▸ **Input data**:
◇ ◇ ◇ ◇ ◇ ◇ ◇
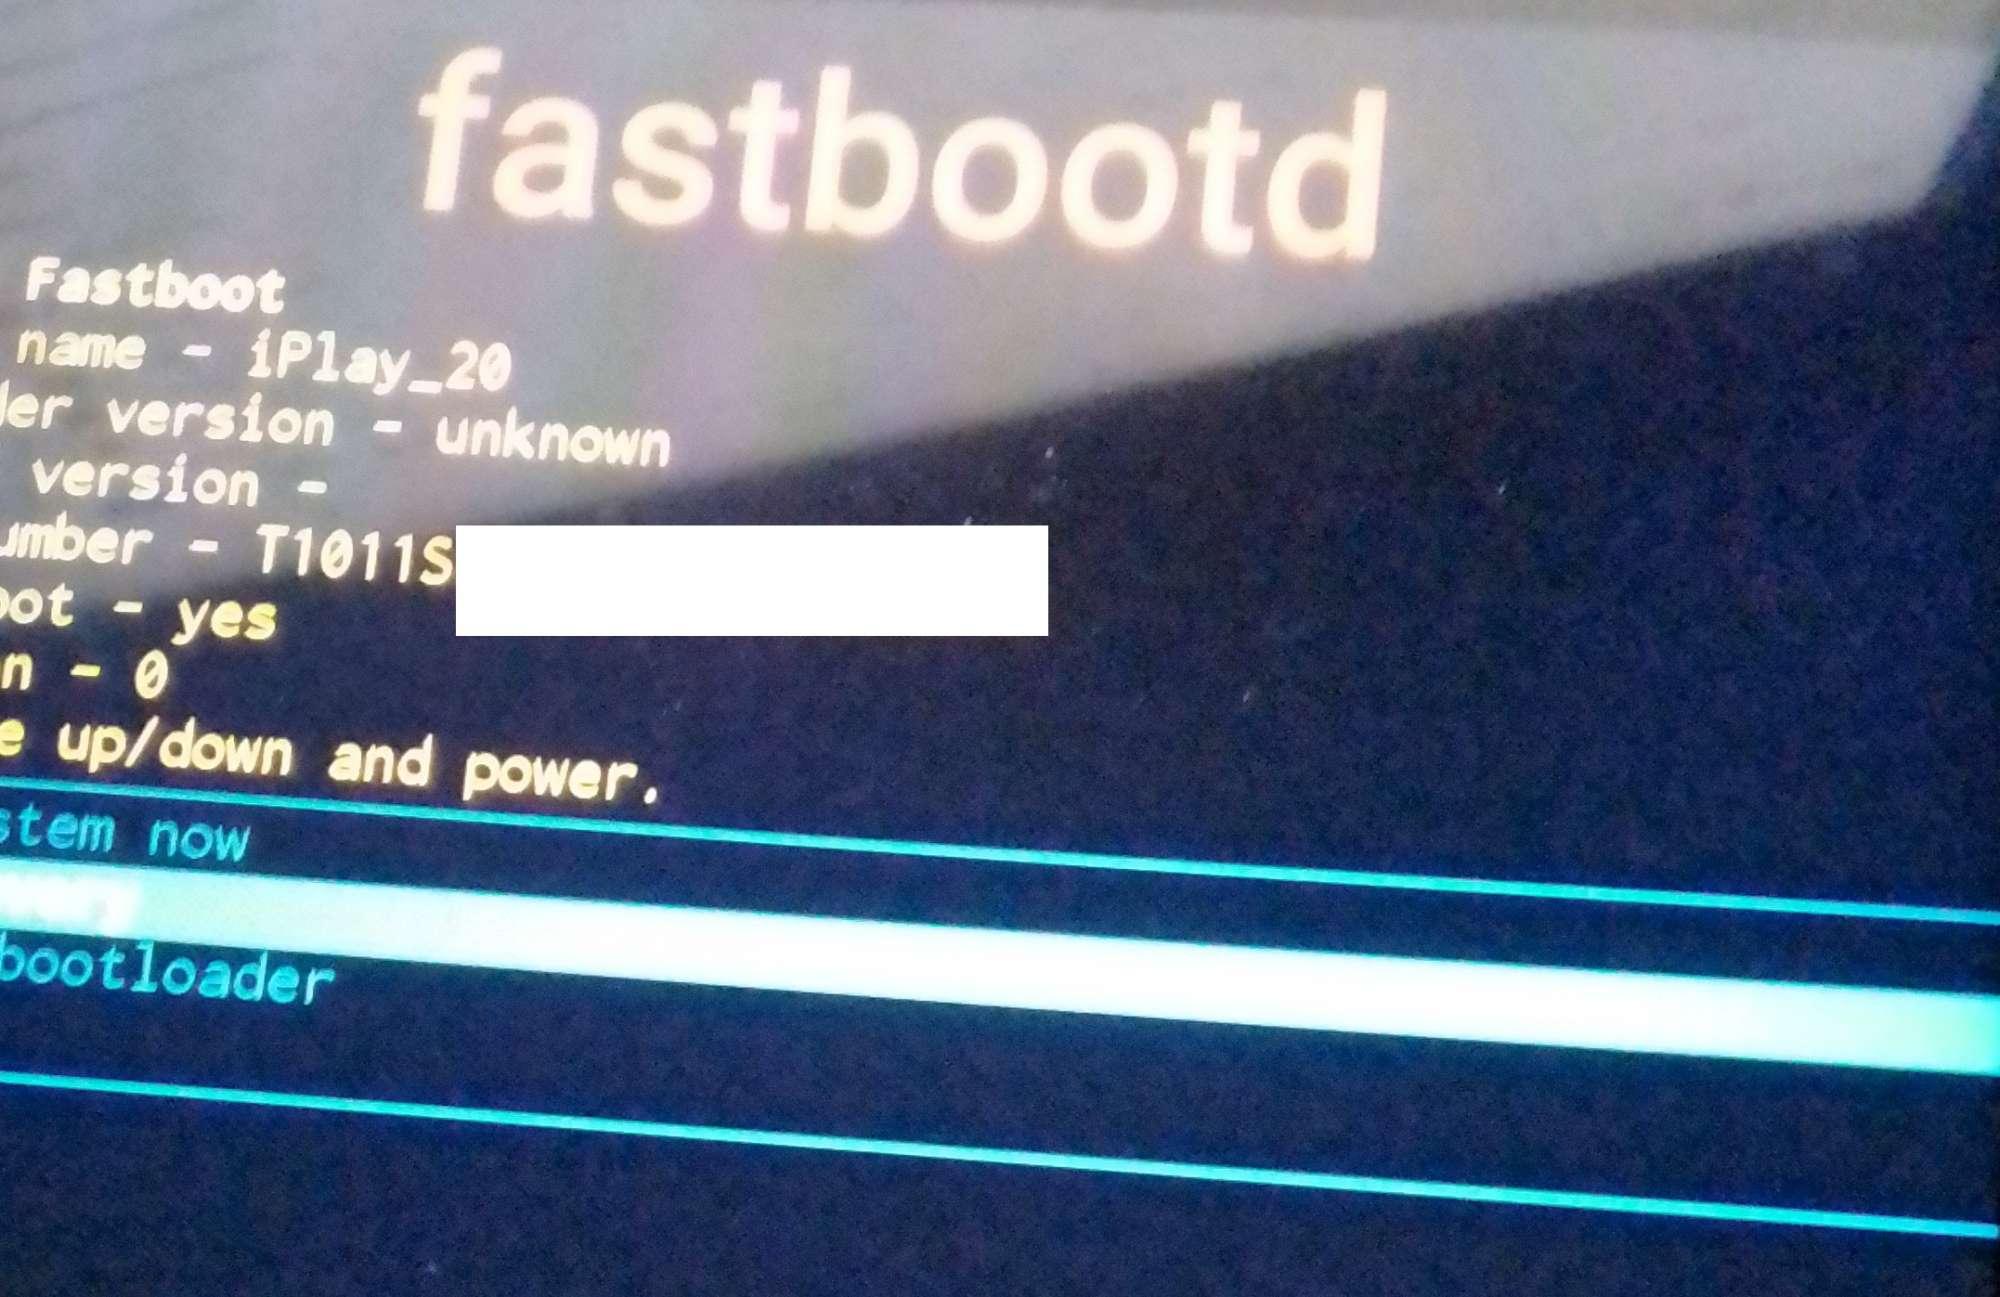 fastbootd
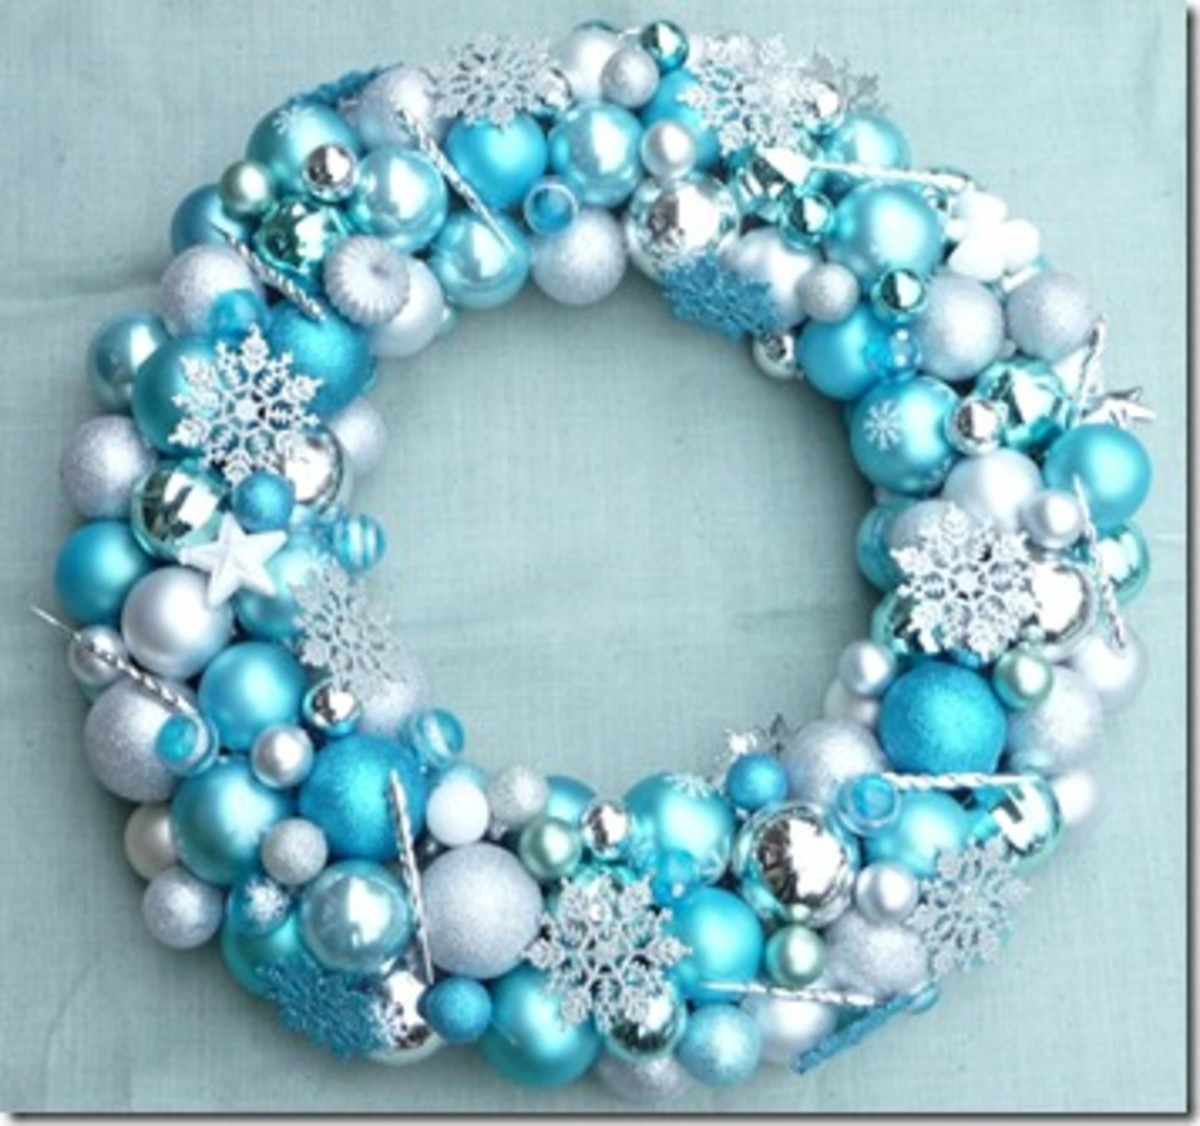 How to Make a Christmas Ornament Wreath | Holidappy
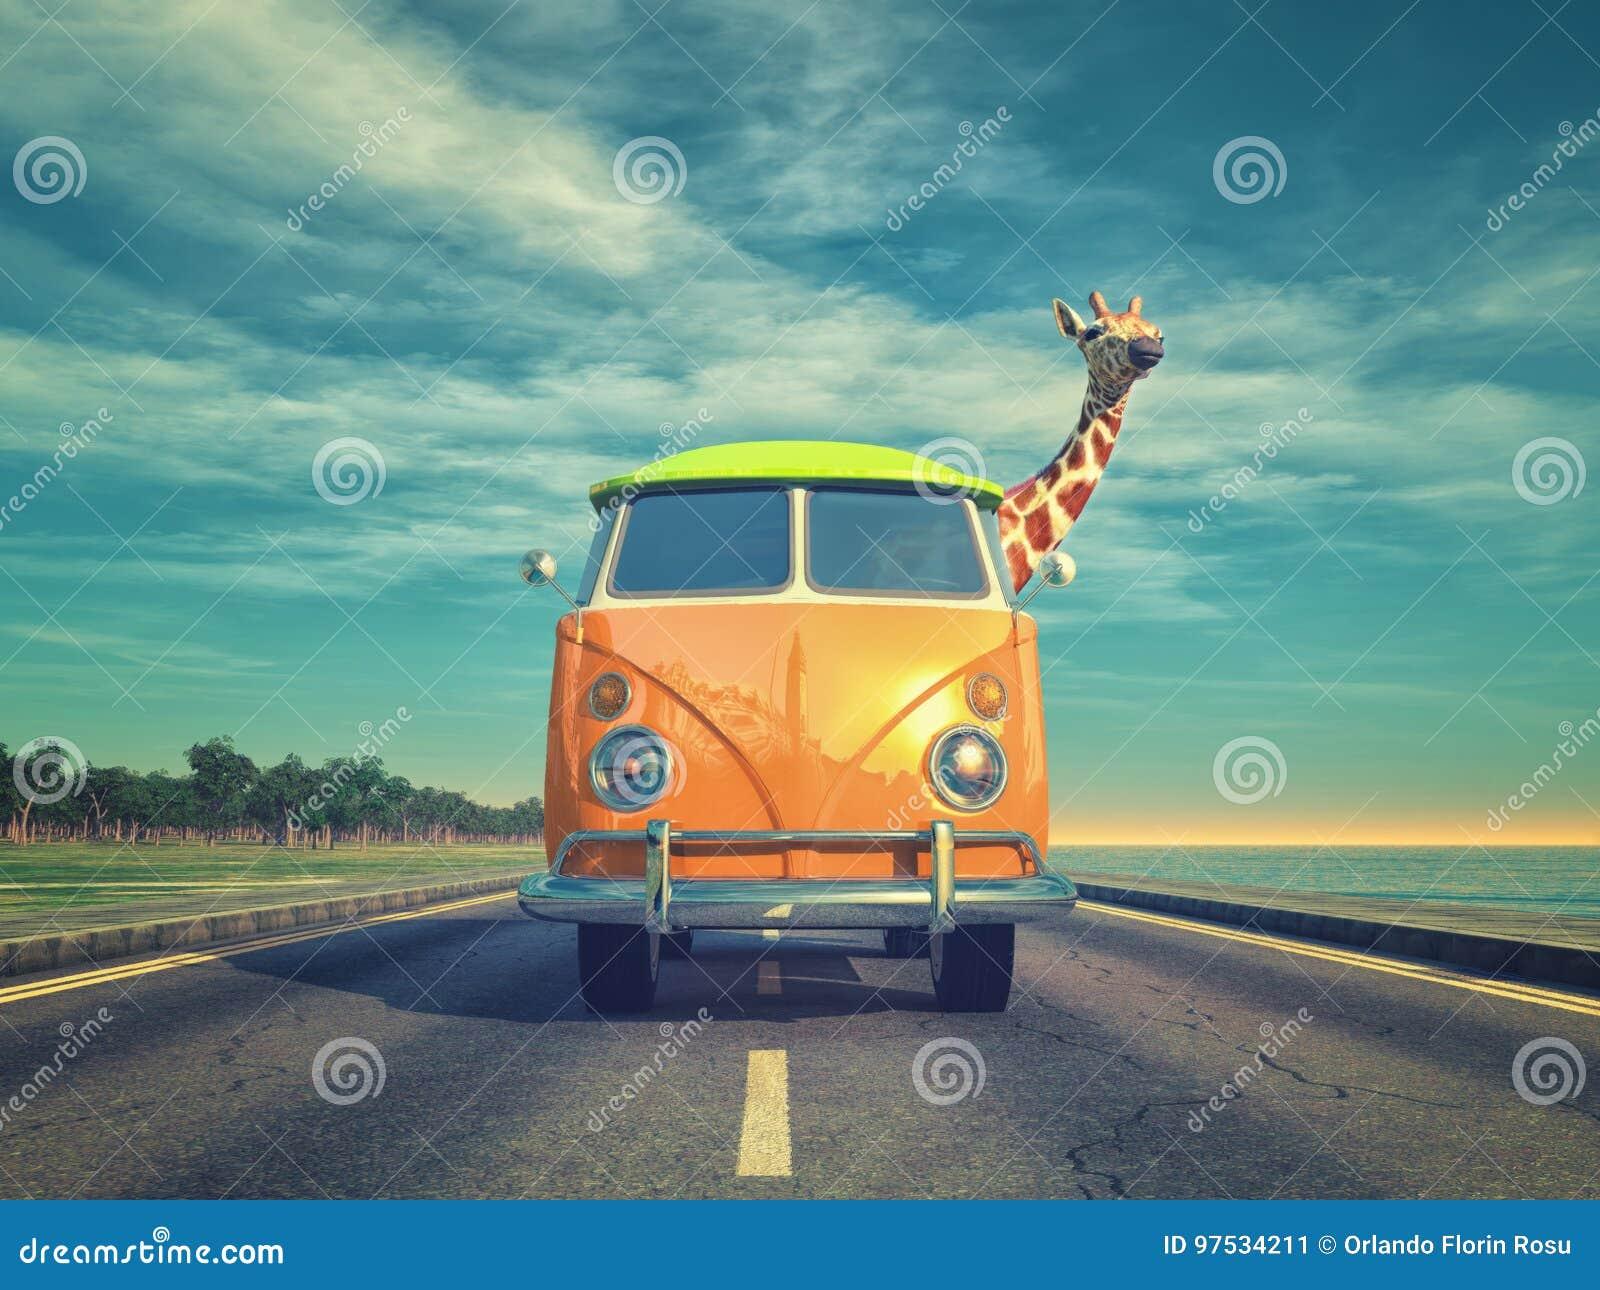 Girafa pelo carro na estrada
◇ ◇ ◇ ◇ ◇ ◇ ◇
▸ **Action item**:
Return the full material word for word. Do not include the pictures.

▸ **Task output**:
 fastbootd
 How to Make a Christmas Ornament Wreath | Holidappy
 Girafa pelo carro na estrada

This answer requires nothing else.